HARBOR BUSINESS Online

「制御不能に陥った中国の宇宙ステーションが地球に落ちてくる」――。そんな話が昨年ごろからたびたびささやかれ、つい最近も英国のメディアなどが報じ、そのたびに話題になっている。

⇒【画像】参考として欧州の無人補給船「ATV」が大気圏に再突入した際の様子

 その多くで、「制御不能でどこに落ちるかわからない」、「燃え残った部品が降り注ぐかもしれない」といった、危機感を煽るような内容が散見された。

 実際には、明日にでも頭の上に降ってくることを心配するようなものではない。しかし、この中国の宇宙ステーションに限らず、大きな人工衛星をどう処分するかをめぐっては大きな課題があることも事実である。

◆中国の宇宙ステーション「天宮一号」

 今回「落ちてくる」と話題になっているのは、中国が2011年に打ち上げた小型の宇宙ステーション「天宮一号」である。

 中国は近い将来に、大型の宇宙ステーションの建造を目指しており、天宮一号はそのために必要な技術の開発や、試験を目的として打ち上げられた。

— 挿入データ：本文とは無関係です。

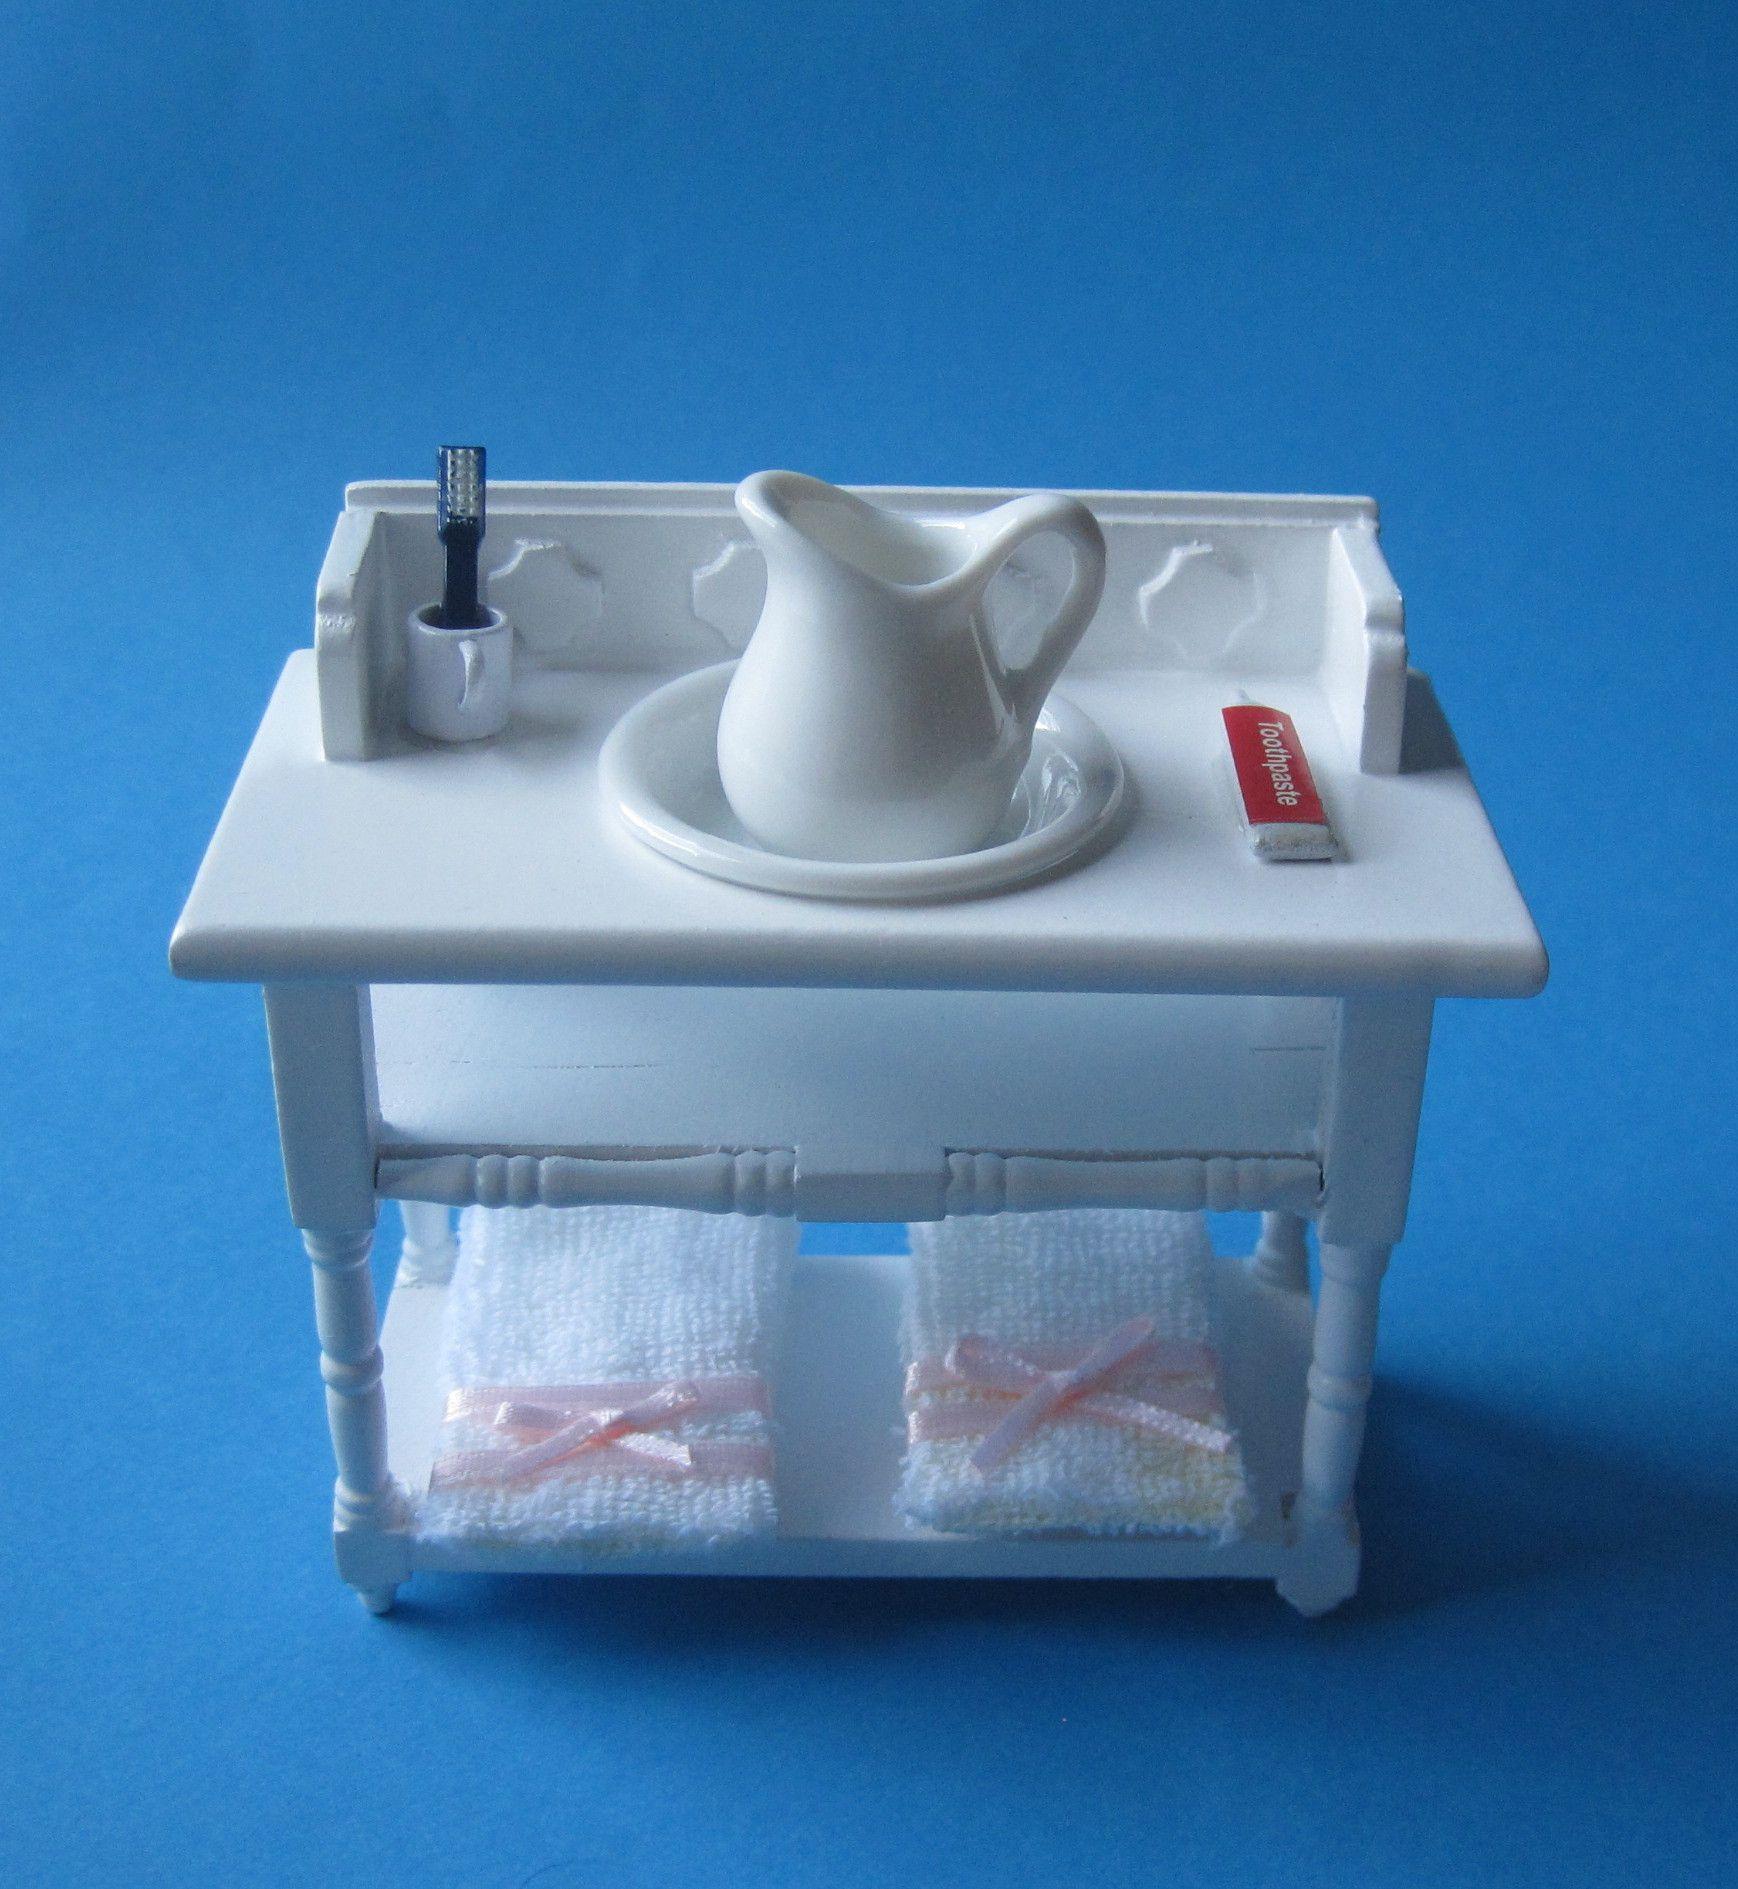 badezimmer waschtisch mit handt cher krug sch ssel puppenhaus m bel miniatur 1 12 puppenhaus. Black Bedroom Furniture Sets. Home Design Ideas

 まずは無人の状態で運用され、機能の確認などが行われた後、2012年に3人の宇宙飛行士が乗った宇宙船「神舟九号」がドッキング。天宮一号の中に飛行士が入り、1週間あまりにわたって宇宙滞在の試験や宇宙実験などが行われた。2013年には「神舟十号」もドッキングし、3人の飛行士が2週間ほど滞在している。

 天宮一号を使った試験はこれをもって終了となり、2016年には改良型の「天宮二号」が打ち上げられ、2人の飛行士が訪れて30日ほど滞在。2017年10月現在は無人での運用試験が続いている。

 また天宮を改造した、「天舟一号」という無人の貨物補給船も開発され、今年の4月に打ち上げられて天宮二号にドッキング。燃料の補給など、将来の宇宙ステーションの運用に向けて、必要な技術の試験を行っている。

 現在のところ、中国の本格的な宇宙ステーションの打ち上げは2018年以降に予定されている。そしてこれまでのところ、その実現に向けた準備は順調に整いつつあるのは間違いない。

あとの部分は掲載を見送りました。